September 16, 2003




Cheney link of Iraq, 9/11 challenged
Dick 'Chicanery' Cheney, anxious to defend the White House foreign policy amid ongoing violence in Iraq, stunned intelligence analysts and even members of his own administration this week by failing to dismiss a widely discredited claim: that Saddam Hussein might have played a role in the Sept. 11 attacks.

Details that Cheney cited to make the case that the Iraqi dictator had ties to Al Qaeda have been dismissed by the CIA as having no basis, according to analysts and officials. Even before the war in Iraq, most Bush officials did not explicitly state that Iraq had a part in the attack on the United States two years ago.
"There is no credible evidence that Saddam Hussein had anything to do with 9/11," Senator Bob Graham, said in an interview last night. "There was no such relationship."

A senior foreign policy adviser to Howard Dean said it is "totally inappropriate for the vice president to continue making these allegations without bringing forward" any proof.

Cheney and his representatives declined to comment. But the comments surprised some in the intelligence community who are already simmering over the way the administration utilized intelligence reports to strengthen the case for the war last winter.

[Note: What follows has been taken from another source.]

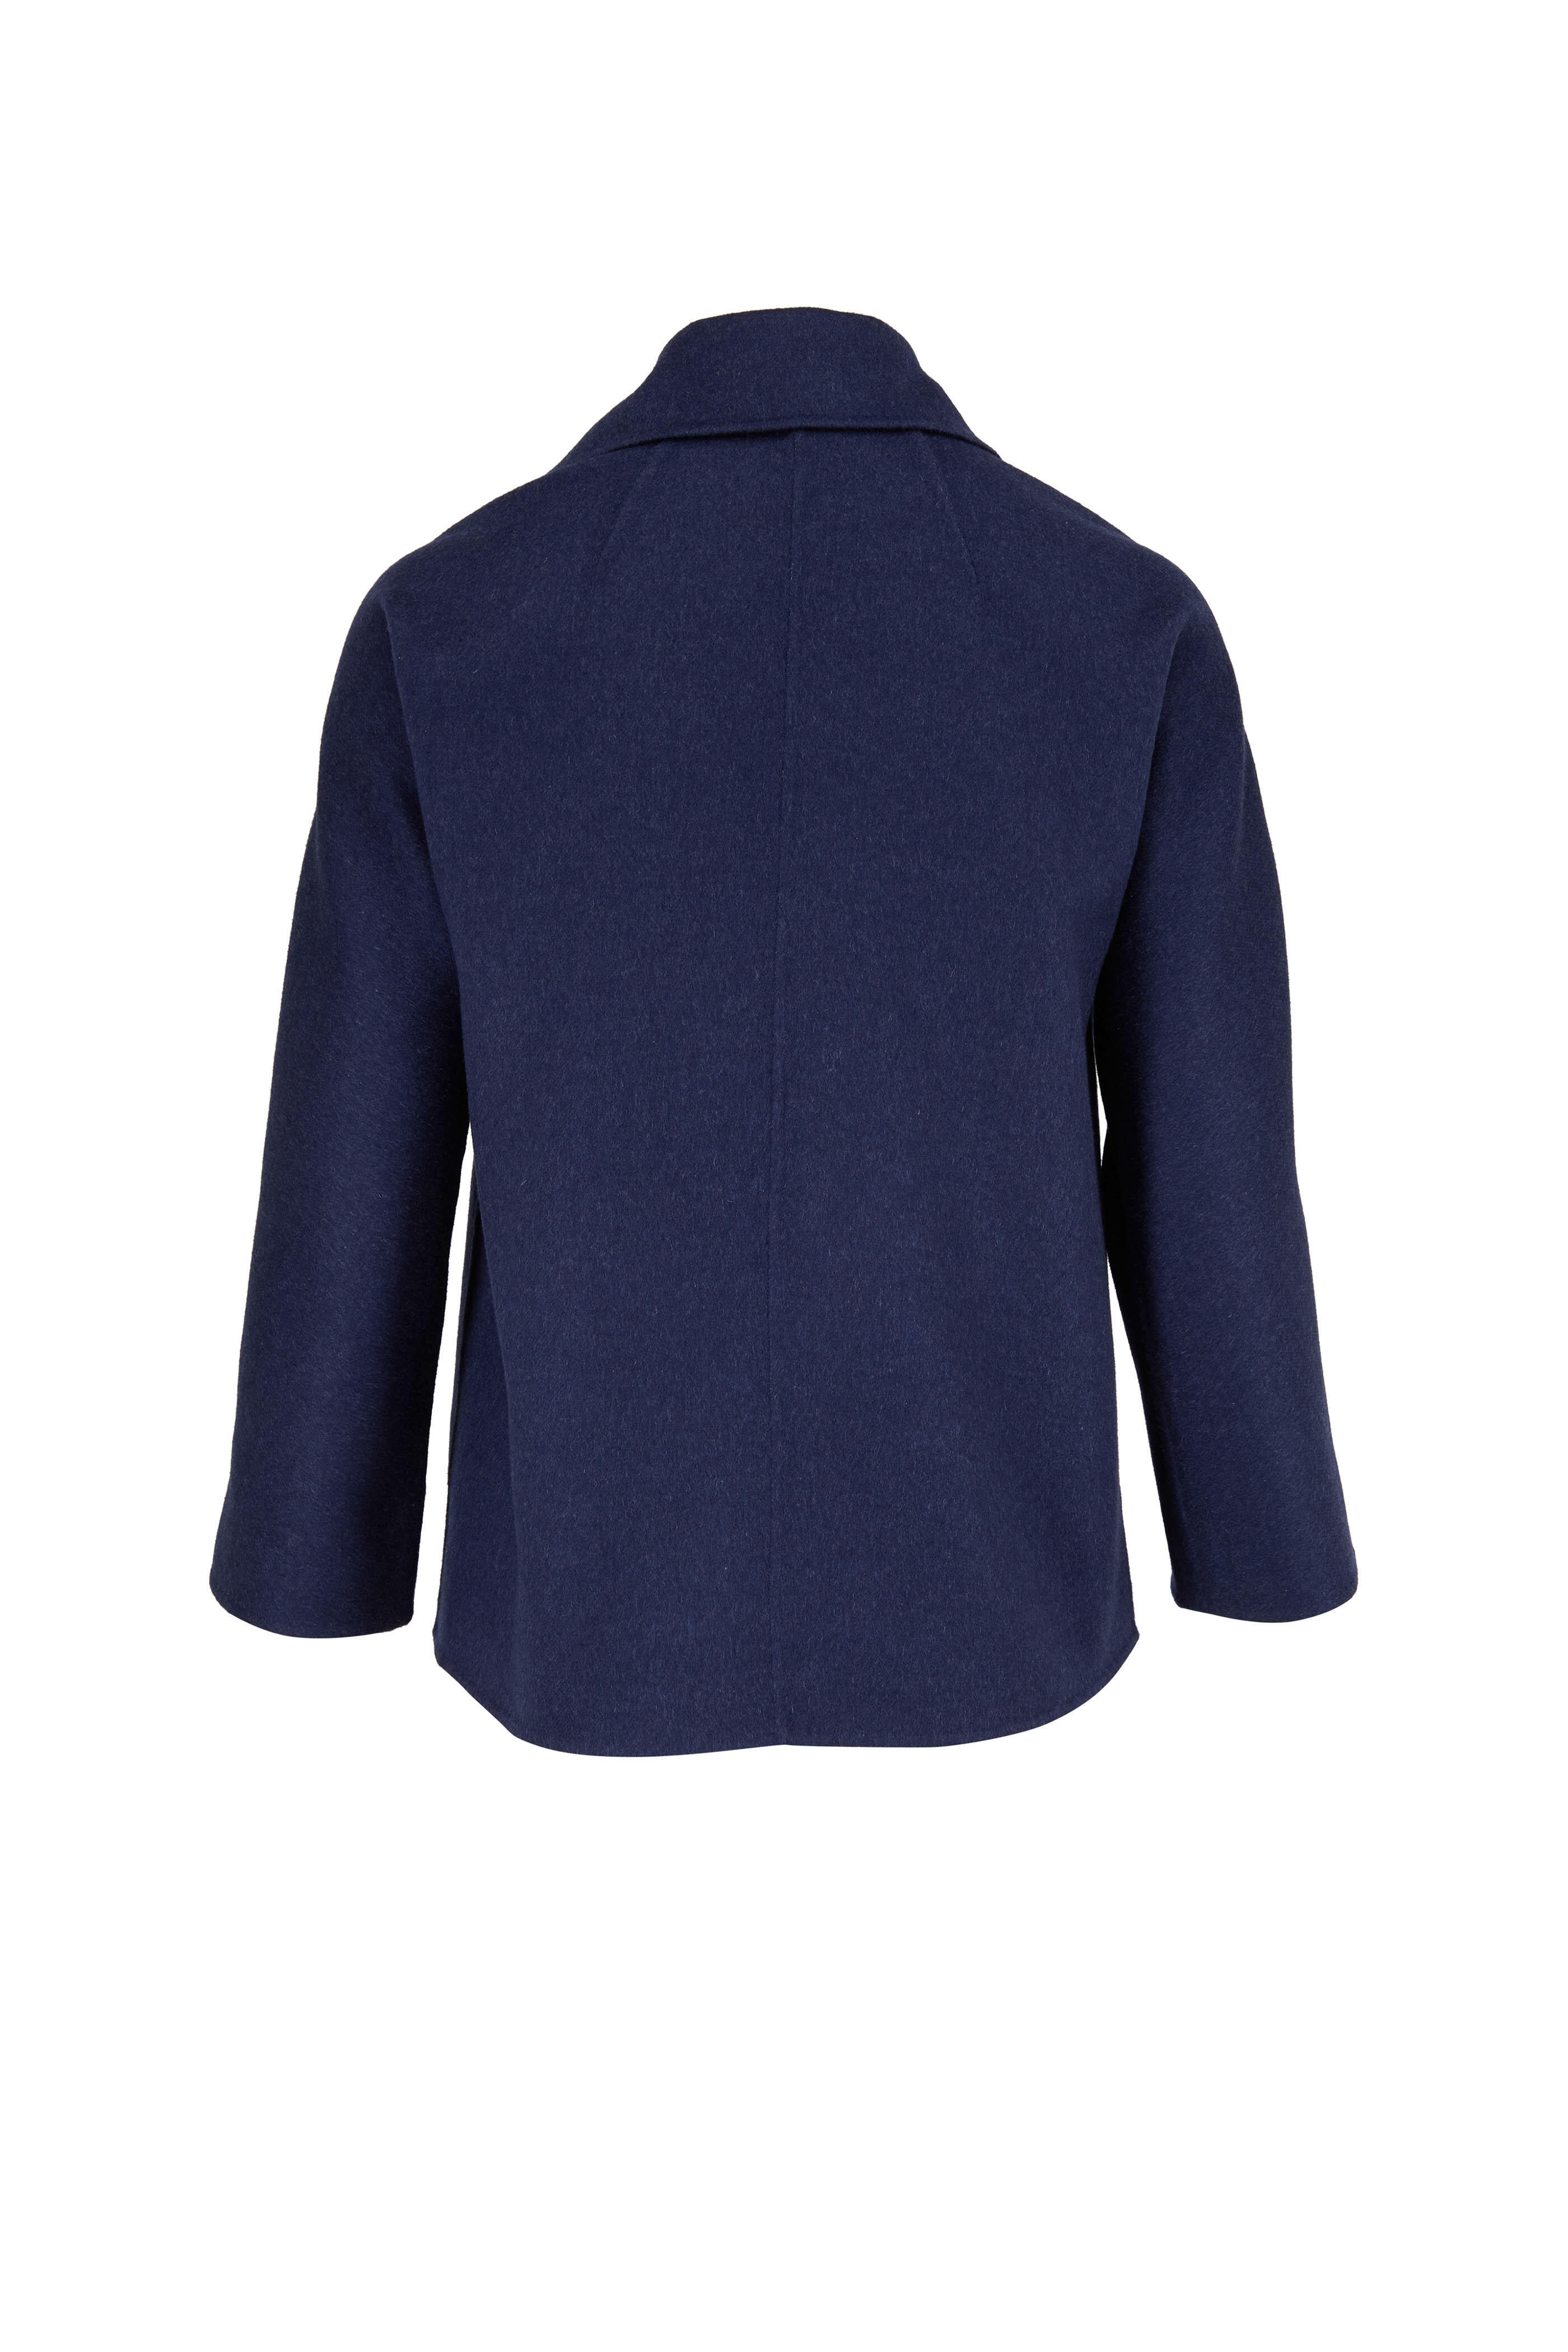 Notch Collar Jacket - Kinross Cashmere
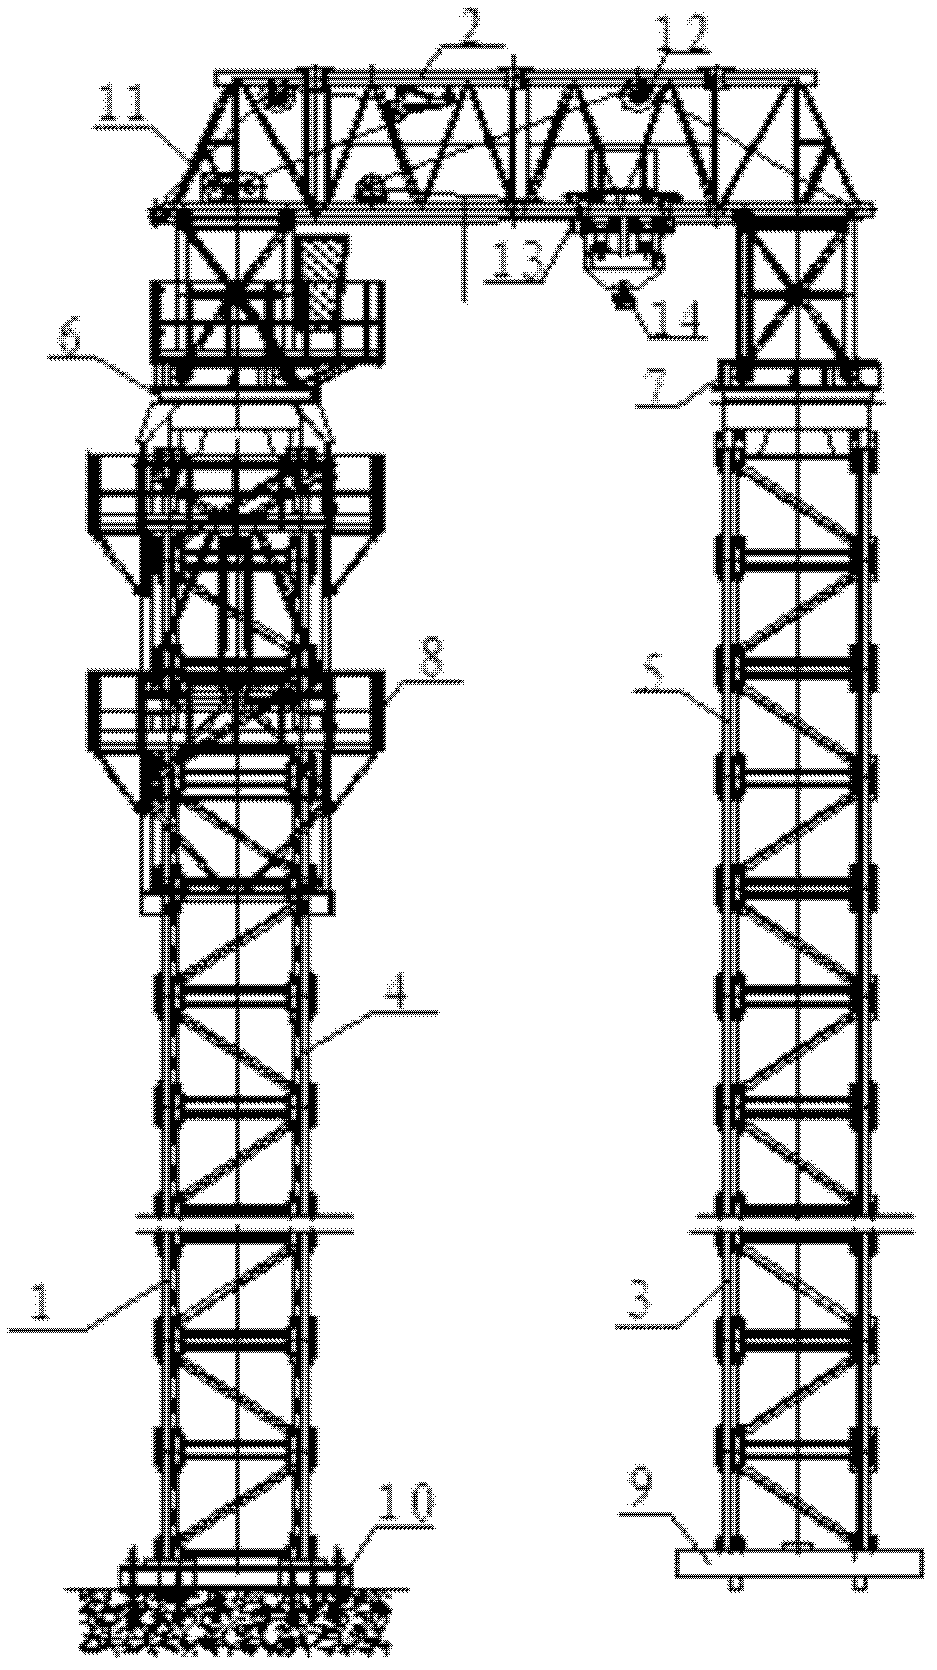 Twin-tower type crane

Vincent Cannistraro, a former CIA counterterrorism specialist, said that Cheney's "willingness to use speculation and conjecture as facts in public presentations is appalling. It's astounding."

Former senator Max Cleland, who is a member of the national commission investigating the attacks, said yesterday that classified documents he has reviewed on the subject weaken, rather than strengthen, administration assertions that Hussein's regime may have been allied with Al Qaeda.

"The vice president trying to justify some connection is ludicrous," he said.

"F*cking lying pissant." - - from the Boston Globe. Mostly.